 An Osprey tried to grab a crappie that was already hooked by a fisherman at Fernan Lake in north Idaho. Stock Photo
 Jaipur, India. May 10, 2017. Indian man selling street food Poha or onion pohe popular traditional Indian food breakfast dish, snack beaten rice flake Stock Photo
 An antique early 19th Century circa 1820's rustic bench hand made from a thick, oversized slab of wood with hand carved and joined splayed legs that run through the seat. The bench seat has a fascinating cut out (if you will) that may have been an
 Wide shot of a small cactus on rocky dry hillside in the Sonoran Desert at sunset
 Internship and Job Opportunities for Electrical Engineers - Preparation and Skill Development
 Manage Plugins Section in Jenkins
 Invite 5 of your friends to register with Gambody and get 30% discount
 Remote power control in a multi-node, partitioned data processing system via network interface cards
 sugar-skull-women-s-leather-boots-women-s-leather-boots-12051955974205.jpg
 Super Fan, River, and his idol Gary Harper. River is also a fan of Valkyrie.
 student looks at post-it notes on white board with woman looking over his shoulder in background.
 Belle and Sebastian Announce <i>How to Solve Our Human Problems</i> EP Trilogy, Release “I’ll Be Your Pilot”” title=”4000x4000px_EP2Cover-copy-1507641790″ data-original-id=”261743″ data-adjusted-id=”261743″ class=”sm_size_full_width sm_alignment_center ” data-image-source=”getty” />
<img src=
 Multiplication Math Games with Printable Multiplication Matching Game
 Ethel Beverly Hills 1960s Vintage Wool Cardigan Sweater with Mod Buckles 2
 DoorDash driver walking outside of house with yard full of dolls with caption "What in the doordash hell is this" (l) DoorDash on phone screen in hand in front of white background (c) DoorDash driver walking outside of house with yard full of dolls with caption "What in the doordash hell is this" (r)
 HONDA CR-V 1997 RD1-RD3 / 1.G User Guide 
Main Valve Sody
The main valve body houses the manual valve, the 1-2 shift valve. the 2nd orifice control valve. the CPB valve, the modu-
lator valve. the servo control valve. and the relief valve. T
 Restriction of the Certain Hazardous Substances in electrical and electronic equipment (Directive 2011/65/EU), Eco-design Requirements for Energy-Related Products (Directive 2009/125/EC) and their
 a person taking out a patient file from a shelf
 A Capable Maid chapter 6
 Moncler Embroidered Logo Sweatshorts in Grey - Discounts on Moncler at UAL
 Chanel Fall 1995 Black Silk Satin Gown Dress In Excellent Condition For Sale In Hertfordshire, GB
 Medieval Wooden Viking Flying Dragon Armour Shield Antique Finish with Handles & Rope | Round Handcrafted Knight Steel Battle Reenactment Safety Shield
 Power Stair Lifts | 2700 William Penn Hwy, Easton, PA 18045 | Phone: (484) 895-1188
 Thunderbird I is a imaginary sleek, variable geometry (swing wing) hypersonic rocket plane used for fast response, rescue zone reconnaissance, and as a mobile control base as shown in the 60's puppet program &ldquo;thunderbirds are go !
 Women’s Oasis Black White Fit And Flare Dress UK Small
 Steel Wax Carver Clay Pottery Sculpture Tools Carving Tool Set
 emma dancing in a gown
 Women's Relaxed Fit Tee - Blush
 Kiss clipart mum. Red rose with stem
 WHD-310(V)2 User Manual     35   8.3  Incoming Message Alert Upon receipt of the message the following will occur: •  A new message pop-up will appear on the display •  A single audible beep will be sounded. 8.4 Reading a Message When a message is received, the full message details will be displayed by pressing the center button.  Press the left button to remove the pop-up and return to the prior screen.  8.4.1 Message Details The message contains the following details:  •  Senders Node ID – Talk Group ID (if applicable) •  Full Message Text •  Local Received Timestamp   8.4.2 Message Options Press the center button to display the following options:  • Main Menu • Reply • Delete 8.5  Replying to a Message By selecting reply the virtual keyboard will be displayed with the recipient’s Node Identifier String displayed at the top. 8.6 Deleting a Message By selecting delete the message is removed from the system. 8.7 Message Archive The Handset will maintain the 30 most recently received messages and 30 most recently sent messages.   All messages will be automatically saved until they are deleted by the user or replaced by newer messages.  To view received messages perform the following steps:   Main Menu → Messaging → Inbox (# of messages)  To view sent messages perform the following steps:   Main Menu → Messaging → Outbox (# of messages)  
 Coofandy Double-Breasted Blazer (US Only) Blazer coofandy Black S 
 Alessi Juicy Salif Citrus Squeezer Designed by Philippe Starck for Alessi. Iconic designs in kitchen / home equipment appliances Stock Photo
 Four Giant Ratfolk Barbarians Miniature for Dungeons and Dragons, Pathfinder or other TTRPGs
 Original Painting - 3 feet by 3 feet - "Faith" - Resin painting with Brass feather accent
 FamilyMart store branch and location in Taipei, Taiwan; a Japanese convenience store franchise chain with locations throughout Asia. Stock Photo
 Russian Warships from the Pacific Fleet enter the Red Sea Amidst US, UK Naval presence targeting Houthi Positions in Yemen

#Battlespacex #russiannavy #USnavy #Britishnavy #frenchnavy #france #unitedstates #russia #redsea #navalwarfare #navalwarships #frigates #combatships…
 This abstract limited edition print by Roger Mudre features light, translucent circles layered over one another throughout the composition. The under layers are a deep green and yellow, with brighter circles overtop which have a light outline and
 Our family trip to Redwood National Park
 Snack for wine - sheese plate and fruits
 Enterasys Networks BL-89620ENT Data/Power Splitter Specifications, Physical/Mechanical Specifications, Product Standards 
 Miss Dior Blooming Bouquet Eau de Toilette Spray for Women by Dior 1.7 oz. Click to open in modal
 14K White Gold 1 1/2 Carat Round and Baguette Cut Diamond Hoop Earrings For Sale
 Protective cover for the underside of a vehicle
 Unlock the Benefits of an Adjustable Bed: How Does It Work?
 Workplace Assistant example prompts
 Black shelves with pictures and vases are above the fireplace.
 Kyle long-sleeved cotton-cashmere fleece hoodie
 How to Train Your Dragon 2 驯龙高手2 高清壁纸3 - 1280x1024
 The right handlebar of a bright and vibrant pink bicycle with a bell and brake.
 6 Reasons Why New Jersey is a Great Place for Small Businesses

◇ ◇ ◇ ◇

YOUR INSTRUCTIONS —
From the entries above, restate word for word the lines from the line containing "A Capable Maid chapter 6" to the line containing "Chanel Fall 1995", both ends included, and nothing more.

EXERCISE ANSWER —
 A Capable Maid chapter 6
 Moncler Embroidered Logo Sweatshorts in Grey - Discounts on Moncler at UAL
 Chanel Fall 1995 Black Silk Satin Gown Dress In Excellent Condition For Sale In Hertfordshire, GB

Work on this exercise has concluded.